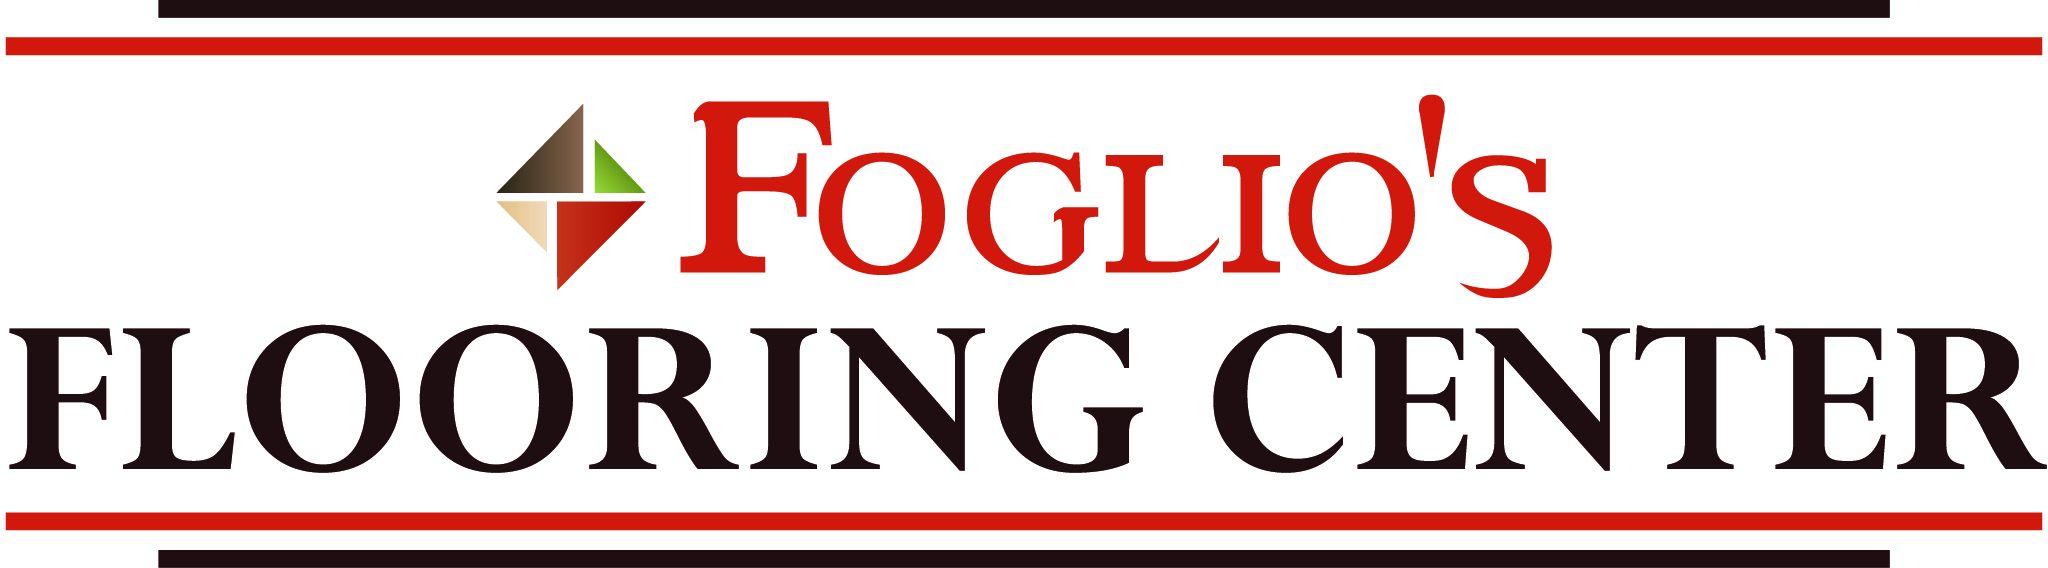 Foglio's Flooring Center
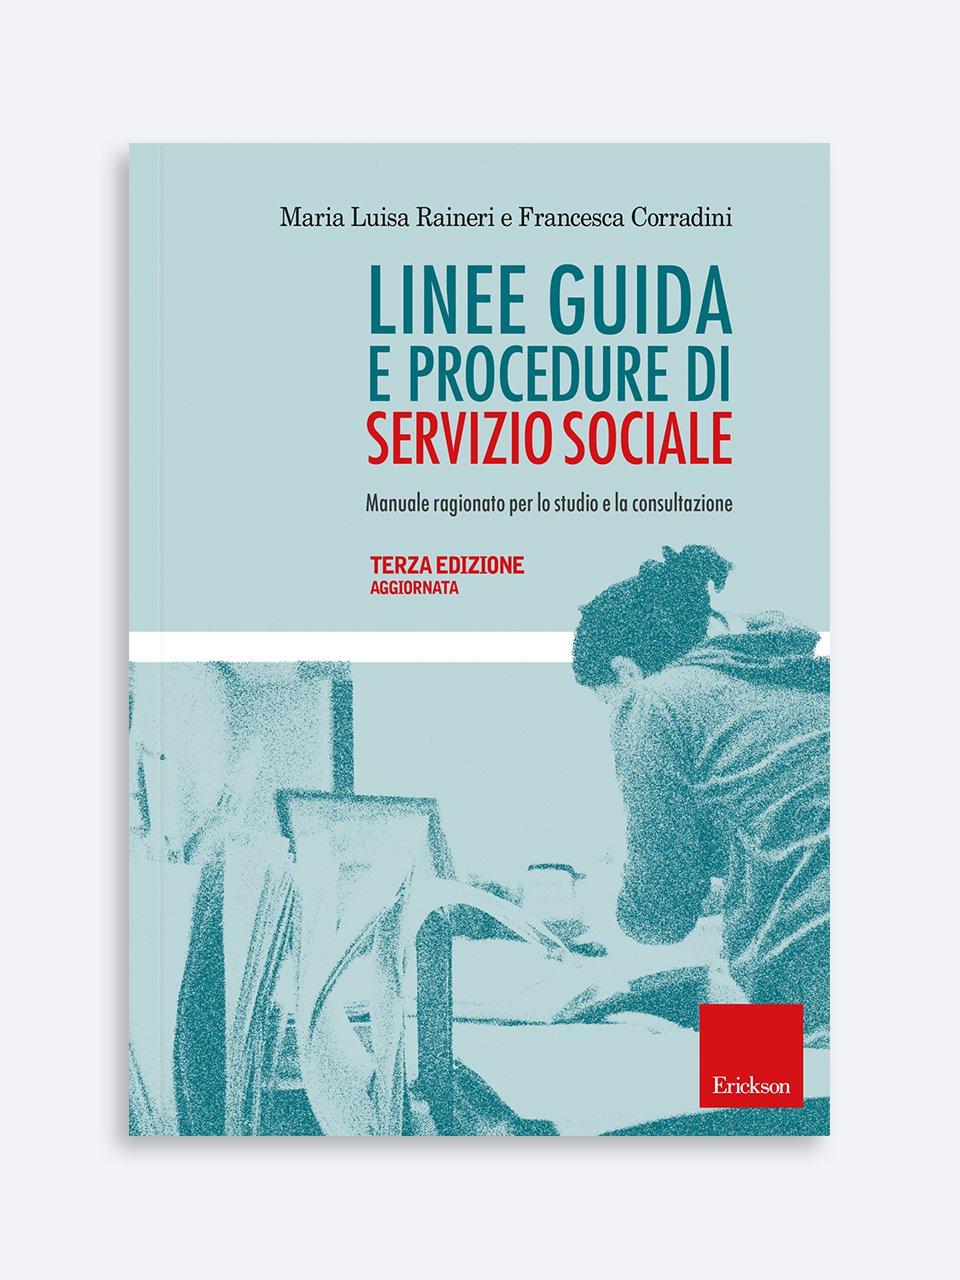 Linee guida e procedure di servizio sociale - Erickson: libri e formazione per didattica, psicologia e sociale
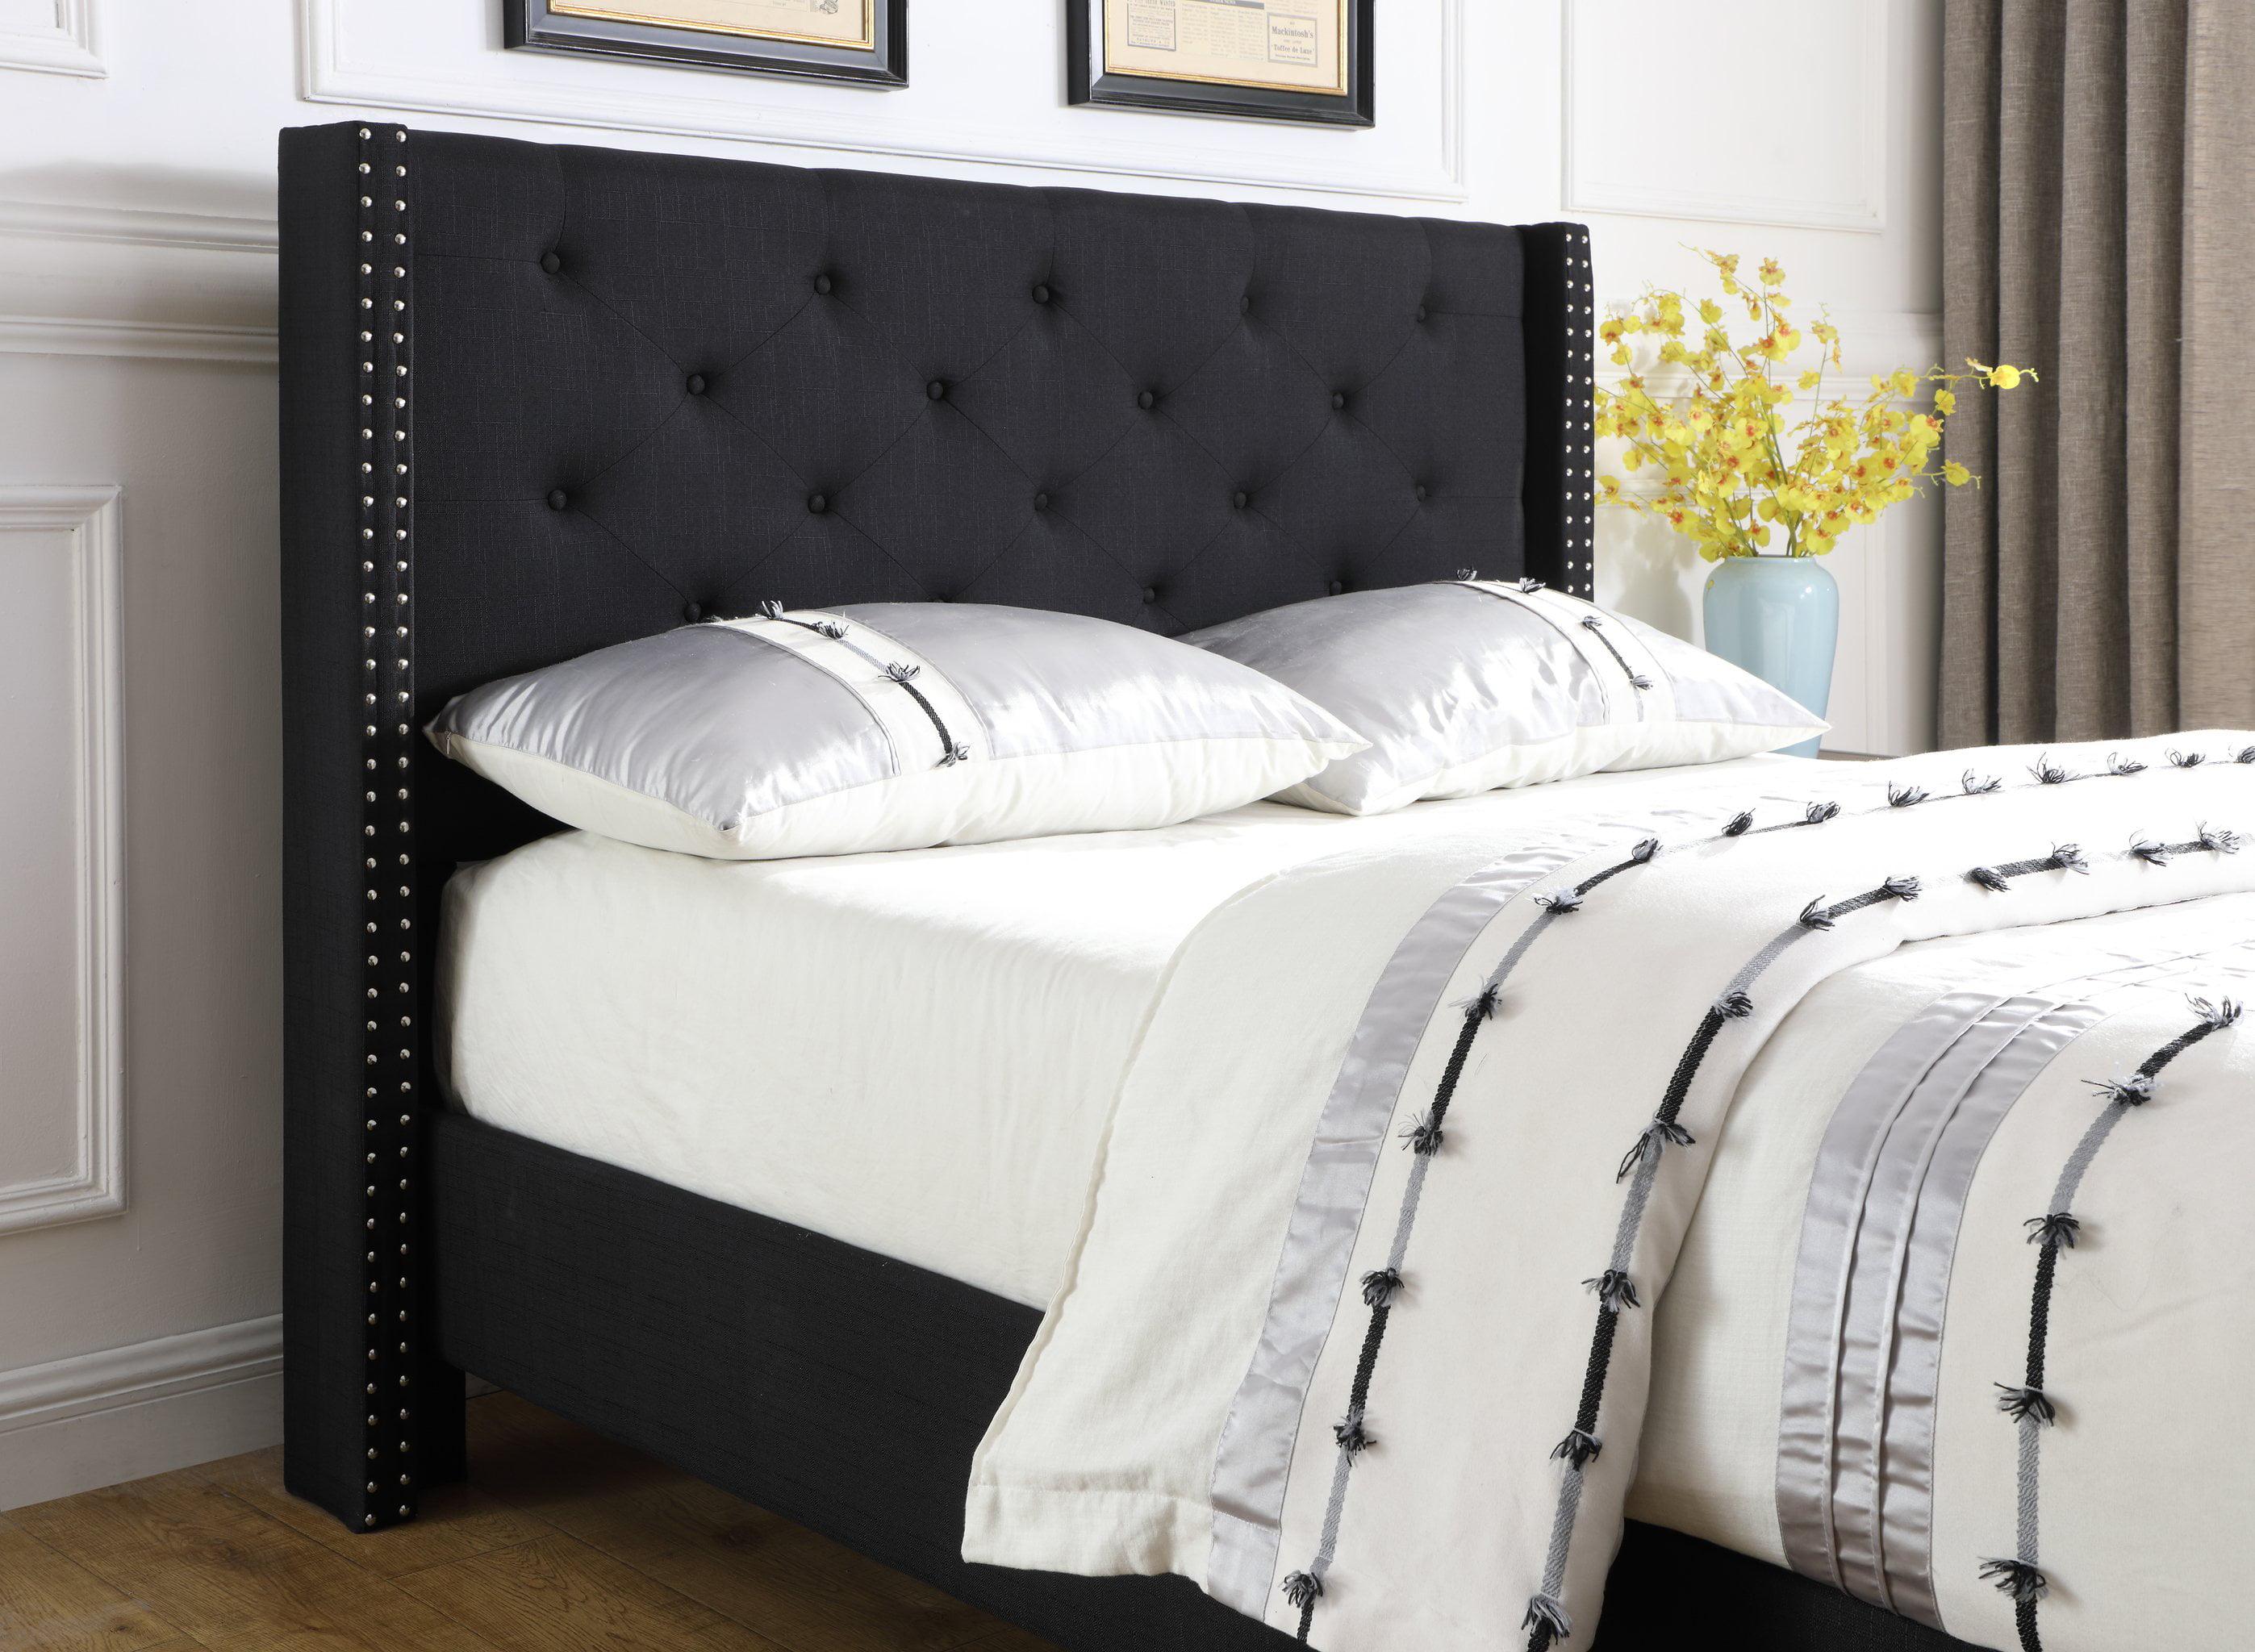 Homelife 51 Quot Black Linen Headboard Amp Platform Bed Walmart Com Walmart Com
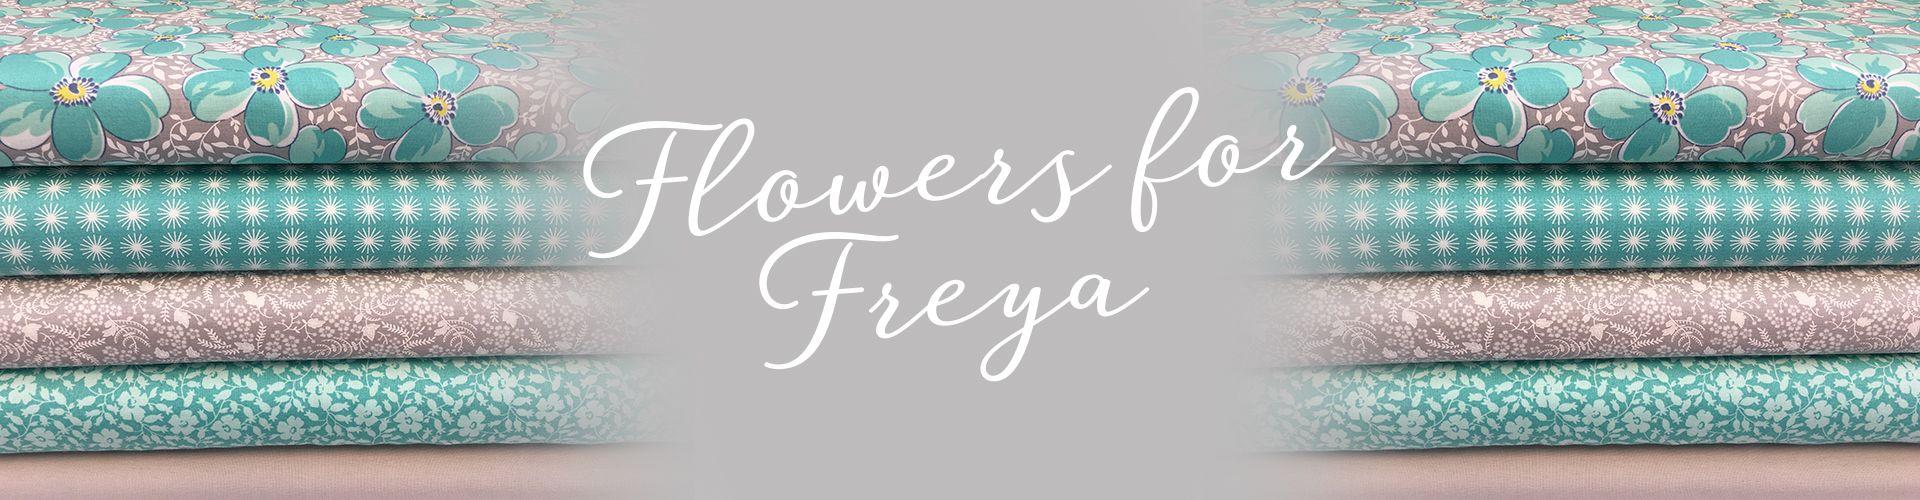 quiltestæsj-1920x500- Flowers for Freya

........

**PROBLEM STATEMENT:**
The data above must be written out again without alteration, and the pictures in them must be excluded.

**TASK OUTPUT:**
 Foglio's Flooring Center
 Linee guida e procedure di servizio sociale - Erickson: libri e formazione per didattica, psicologia e sociale
 Homelife 51 Quot Black Linen Headboard Amp Platform Bed Walmart Com Walmart Com
 quiltestæsj-1920x500- Flowers for Freya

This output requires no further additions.